Keytruda has a lot of room to expand, and its patents aren’t set to expire until 2028. While you’re at it, take a look at what Merck’s strong pipeline has to offer. A collaboration with Gilead Sciences (NASDAQ:GILD) to develop a combination medication for the $30 billion global HIV market is one example. Furthermore, the shares of the pharmaceutical behemoth pays a 3.3 percent annual dividend.
Lemonade is number three.
With a market worth of $6.775 billion but only $94.4 million in revenue and a staggering net loss of $122.3 million last year, it’s no surprise that many investors are perplexed as to why Lemonade (NYSE:LMND) stock continues to rise. Despite the poor performance, the stock is up more than 72 percent year over year.
At first sight, the organization appears to be a standard insurer that offers rental, pet, and home insurance. What’s more, Lemonade is now the best renters’ insurance business in the country in terms of plans, pricing, billings, claims, and customer service. Customers may get a quote on Lemonade’s website in as little as 90 seconds and buy an insurance through the app without ever speaking to a salesperson.
It’s also shockingly reasonable, with monthly rates starting at $5. Customers’ claims are typically paid out in less than three minutes if the unexpected occurs, with 30% of claims paid out immediately after submission. In terms of financial stability, the corporation has an A rating.
Lemonade now has over 1 million customers, up 56 percent over the previous year. Its gross loss ratio fell ten percentage points from 2019 to 71 percent last year, meaning it pays out $0.71 for every $1 in premiums collected.
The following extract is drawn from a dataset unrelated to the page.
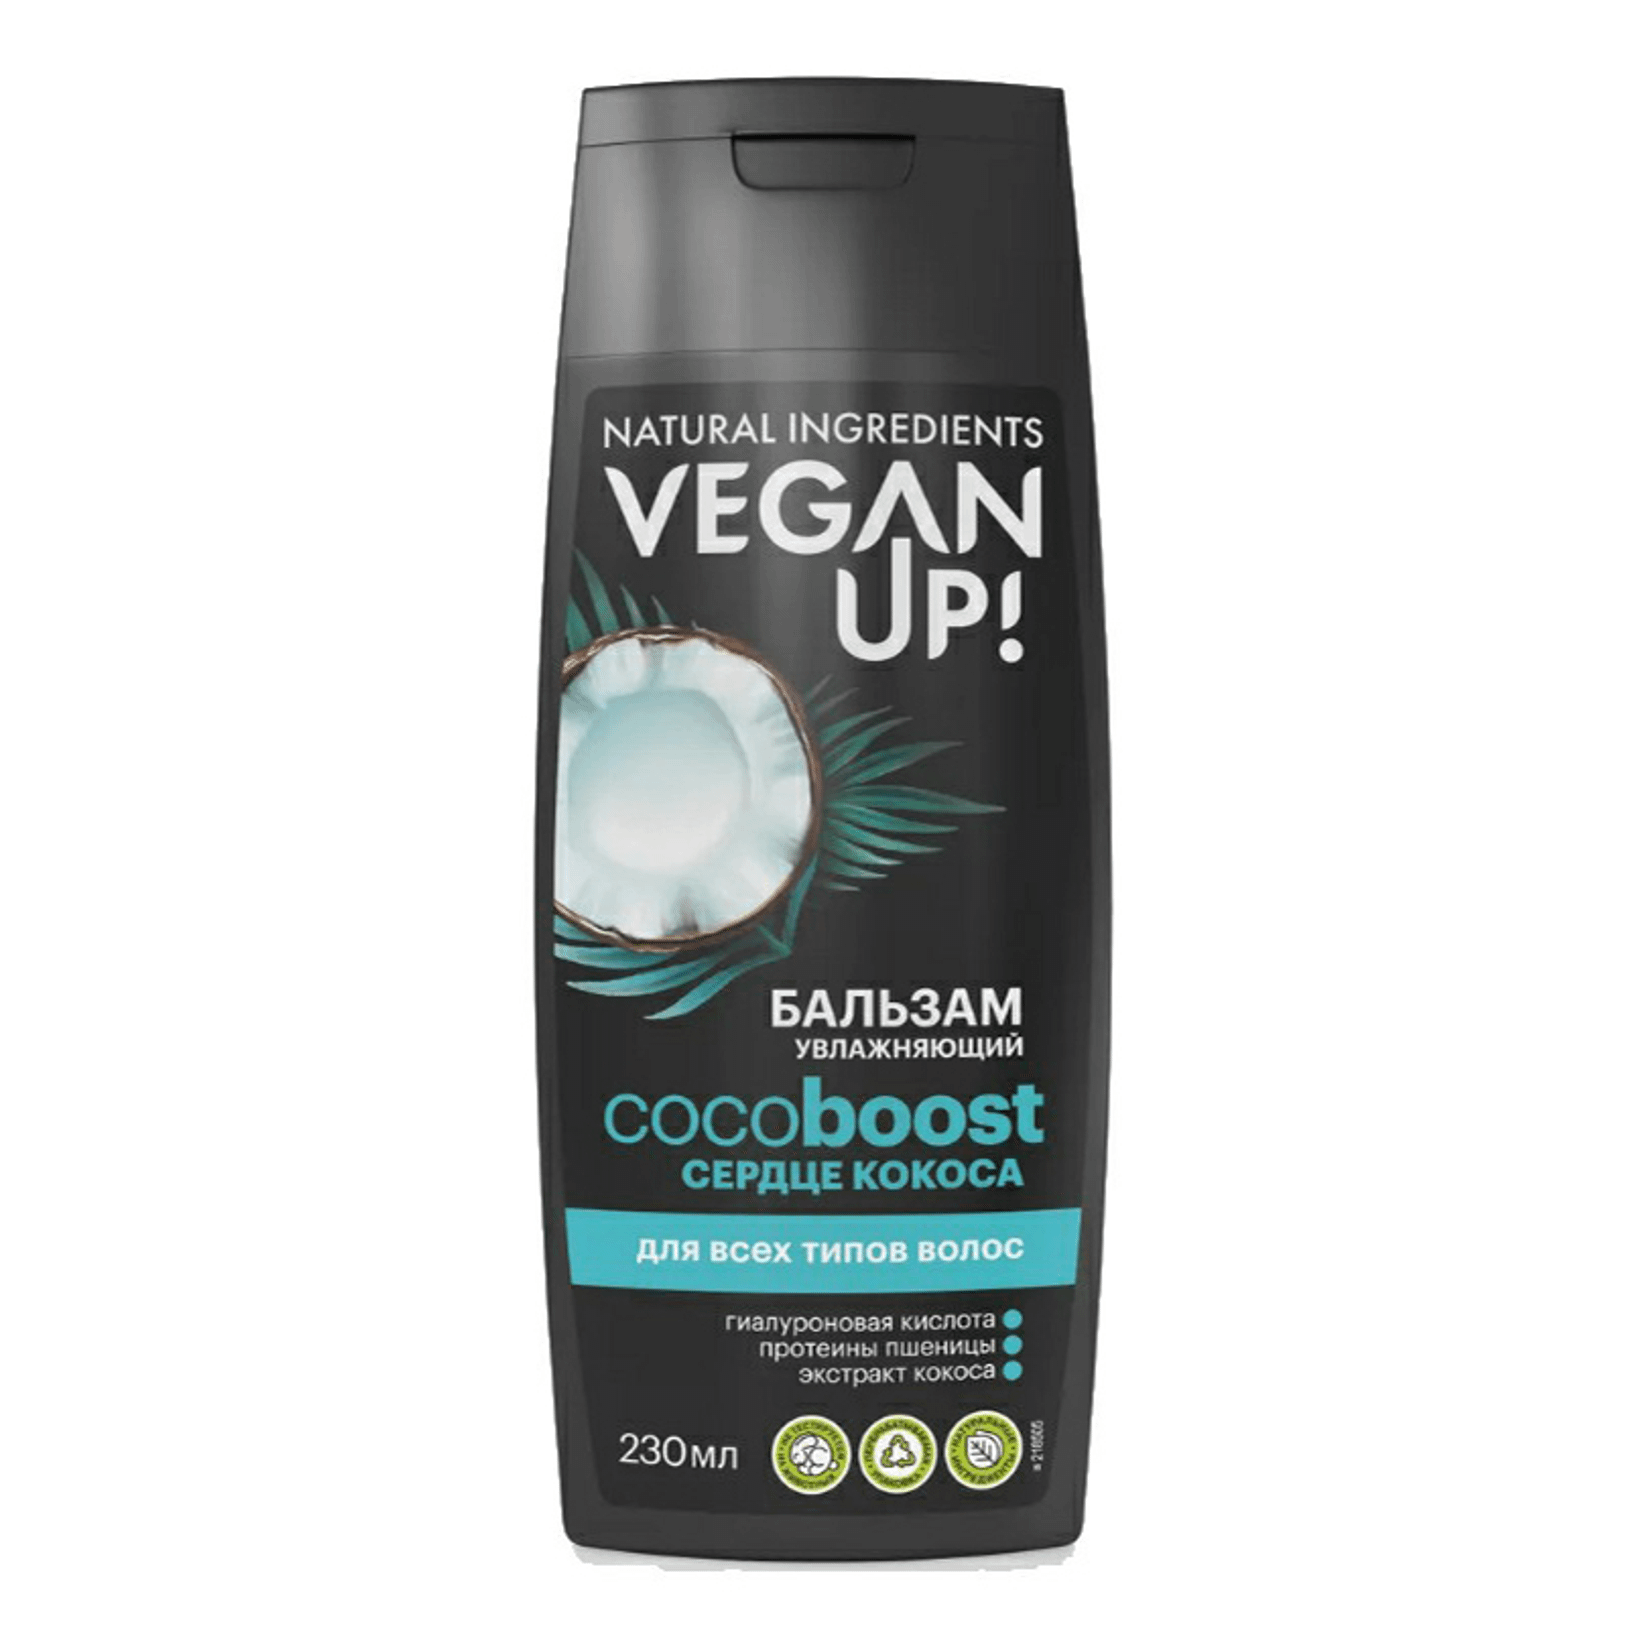 Бальзам-ополаскиватель VeganUp! Увлажняющий кокос 230 мл бальзам для волос увлажняющий сердце кокоса veganup cocoboost 200 мл

An ambitious sales and marketing campaign to increase market share accounts for a large portion of its net loss. In 2020, it set aside $80.4 million of its sales for this reason. I’d predict phenomenal increase in sales and return for investors over the next few years, given the company’s fast rising brand awareness across the country. For Lemonade stock, the sky is the limit.

This post is the author’s own view, which may differ from a Motley Fool premium advice service’s “official” recommendation position. We’re a mishmash! Questioning an investing theory, even our own, encourages us to think critically about investing and make decisions that will make us smarter, happier, and wealthier.